In the motion estimation phase, we begin by forming pairs of adjacent Gaussian marble sets, i.e. $[(\mathcal{G}^{a}_{12},\;\mathcal{G}^{b}_{34}),\;(\mathcal{G}^{a}_{56},\;% \mathcal{G}^{b}_{78}]$ ), where $a$ and $b$ denote whether a set appears earlier or later than its partner. Our goal is to learn a mapping for every Gaussian in $\mathcal{G}^{a}$ into every frame covered by $\mathcal{G}^{b}$ , and vice versa. To learn these motions, we will render $\mathcal{G}^{a}$ into frames covered by $\mathcal{G}^{b}$ and apply the gradient update only to the Gaussian trajectories in $\mathcal{G}^{a}$ , and vice versa.

More concretely, in the case of $\mathcal{G}^{a}_{12}$ , we start by extending the trajectories of the marbles, using a constant-velocity assumption: this results in an expanded trajectory, i.e.

\Delta\textbf{X}=[\Delta\textbf{x}_{1},\Delta\textbf{x}_{2}]\;\;\to\;\;\Delta% \textbf{X}=[\Delta\textbf{x}_{1},\Delta\textbf{x}_{2},\Delta\textbf{x}_{3}^{% \text{init}}]

We then render $\mathcal{G}^{a}_{12}$ into frame $3$ , and compute our optimization objectives (to be described in the next subsection), and backpropagate gradient updates into $\Delta\textbf{x}_{3}$ , i.e. the translation into frame 3. We end this optimization after a fixed number of iterations, $\eta$ . We repeat this for each missing frame in the sequence, until we have a trajectory that covers all frames in $\mathcal{G}^{b}$ .

4.2.4. Merging

The result of motion estimation is that we have two sets of Gaussian marbles which reconstruct the same subsequence. In other words, each pair $(\mathcal{G}^{a}_{ij},\mathcal{G}^{b}_{ij})$ covers the same interval $[i,j]$ . Because they cover the same subsequence, we can trivially merge the pair by taking the union of all the Gaussian marbles, $\mathcal{G}_{ij}=\mathcal{G}^{a}_{ij}\cup\mathcal{G}^{b}_{ij}$ , yielding a set twice the size of the original sets.

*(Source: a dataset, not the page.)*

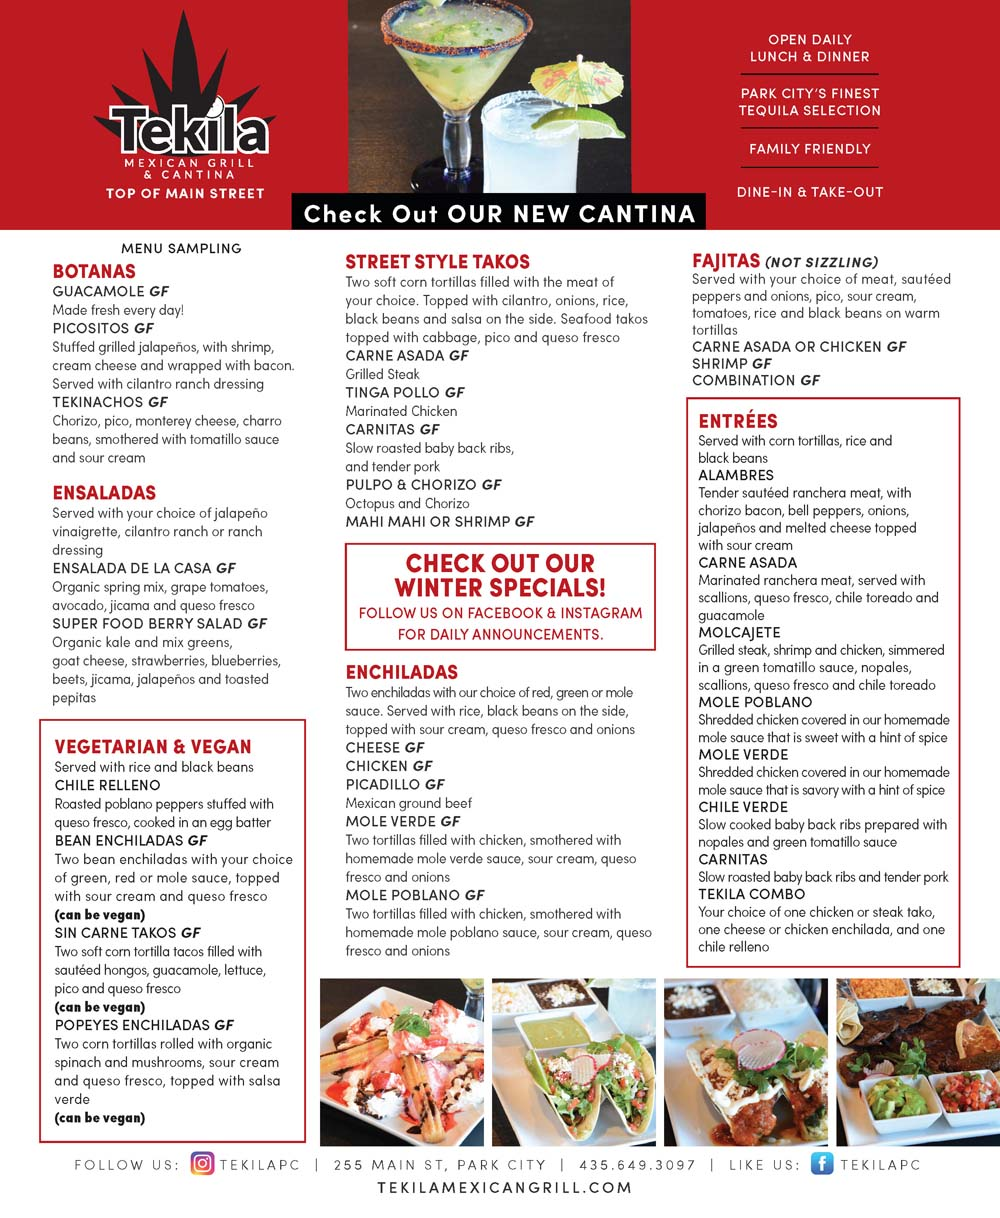 Tekila Mexican Grill and Cantina – Main Street

To avoid excessive computational burden, we drop Gaussians of low opacity and small scale, and additionally perform random downsampling, to keep the set size constant.

4.2.5. Global Adjustment Phase

After merging sets of Gaussian marbles, there is no guarantee that the new resulting set still satisfies our optimization objectives. Thus, we jointly optimize all Gaussian properties of the newly merged set. Specifically, for the new $\mathcal{G}_{ij}$ , we repeatedly randomly sample a frame within $[i,j]$ , and render all Gaussians into this frame, and we backpropagate gradient updates to Gaussian colors, scales, opacities, and trajectory offsets. We repeat this global adjustment for $\beta$ iterations.

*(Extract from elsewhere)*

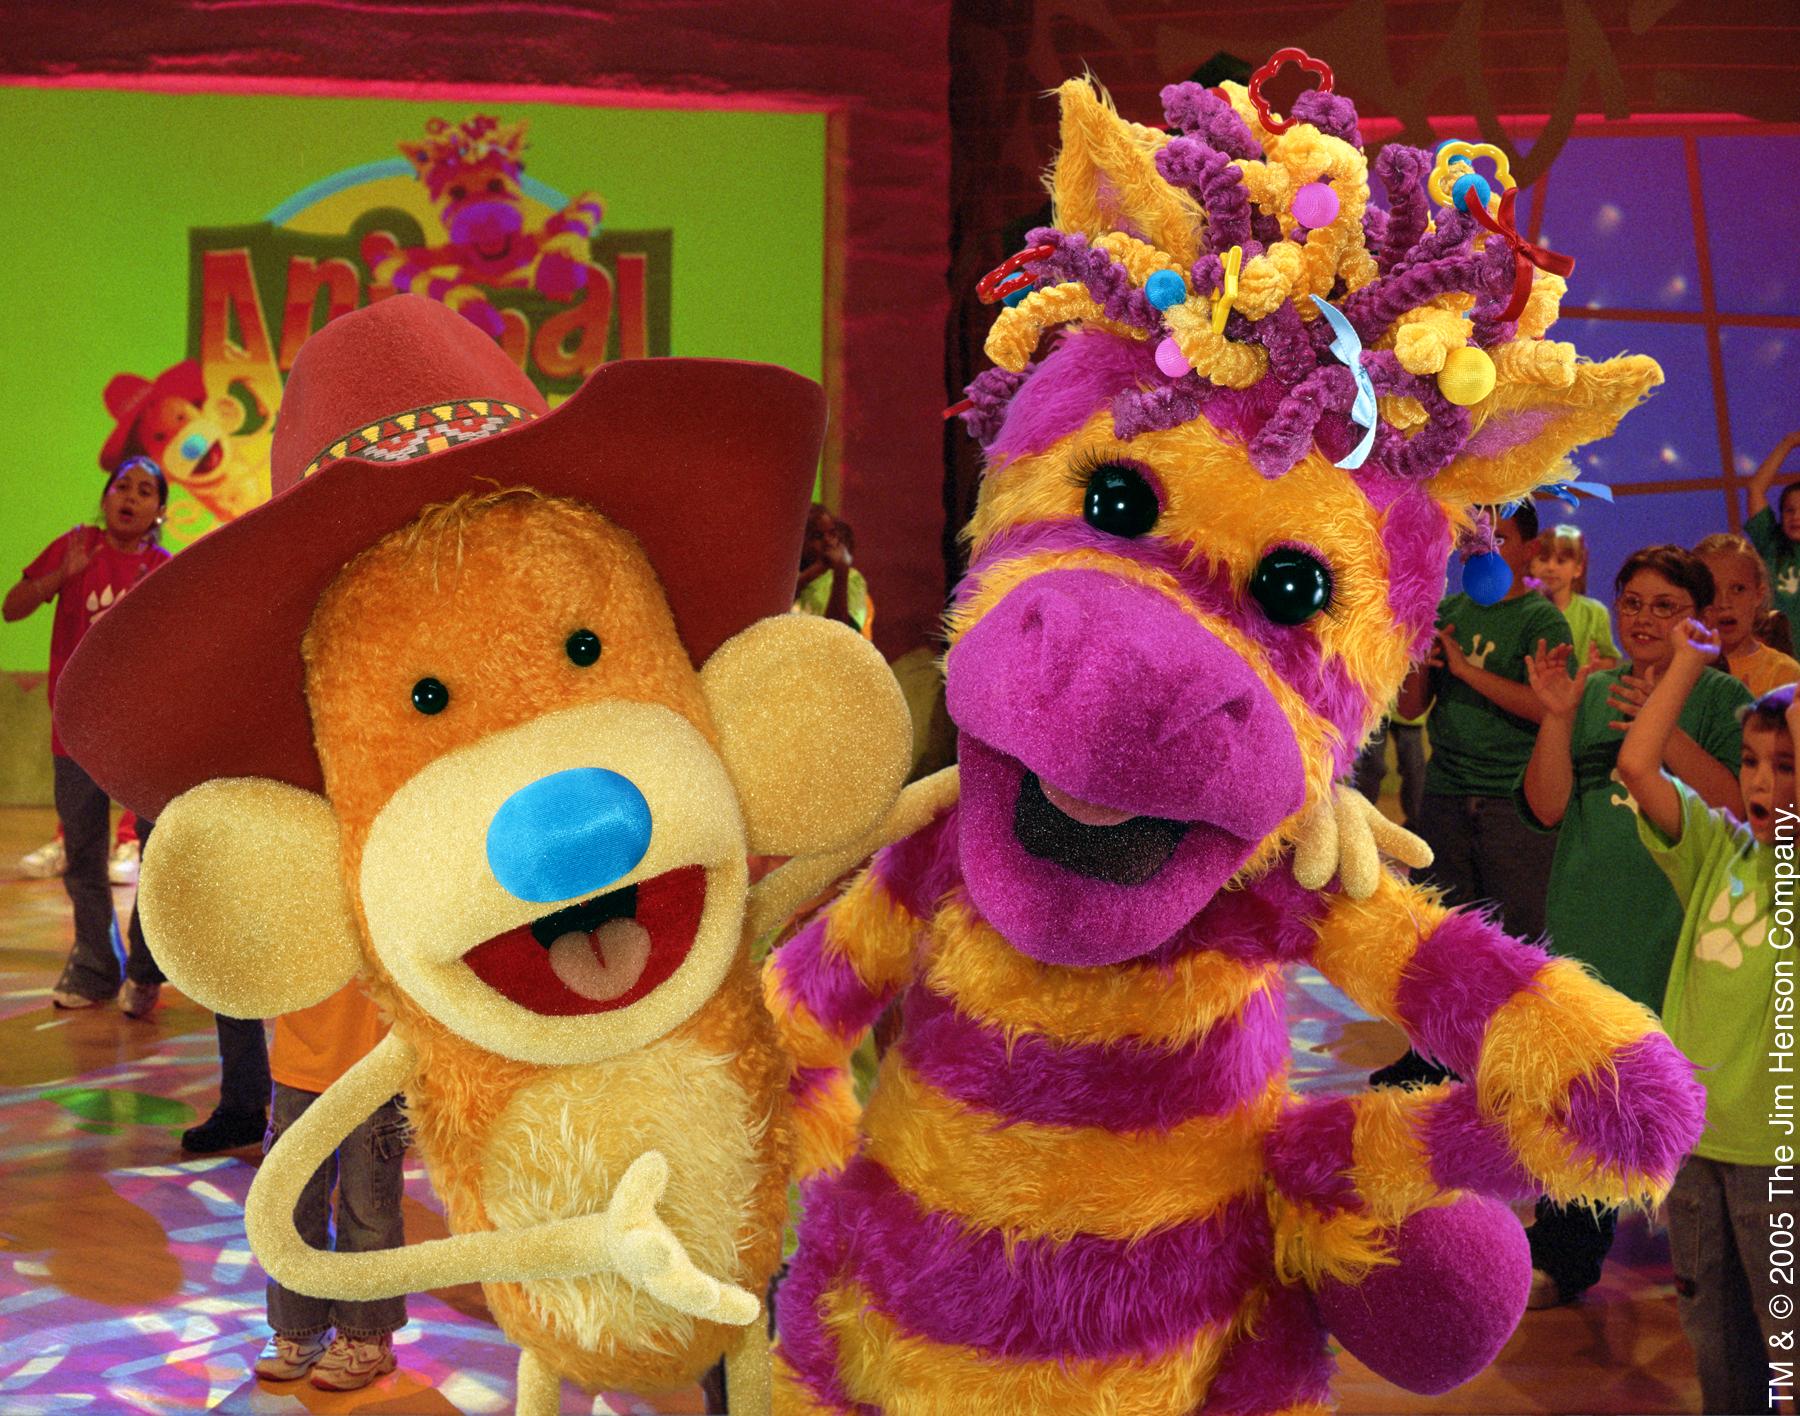 Anything Muppets - Muppet Wiki

4.2.6. Why divide and conquer?

Our divide and conquer learning strategy guides the underconstrained optimization problem toward finding solutions which are more realistic. In particular, the motion estimation benefits from the locality and smoothness of adding a single additional frame at-a-time, similar to Dynamic 3D Gaussians (Luiten et al., 2024), while the global adjustment phase contributes global coherence, similar to 4D Gaussians (Wu et al., 2023). By alternating between the two phases, we aim to get the best of both worlds.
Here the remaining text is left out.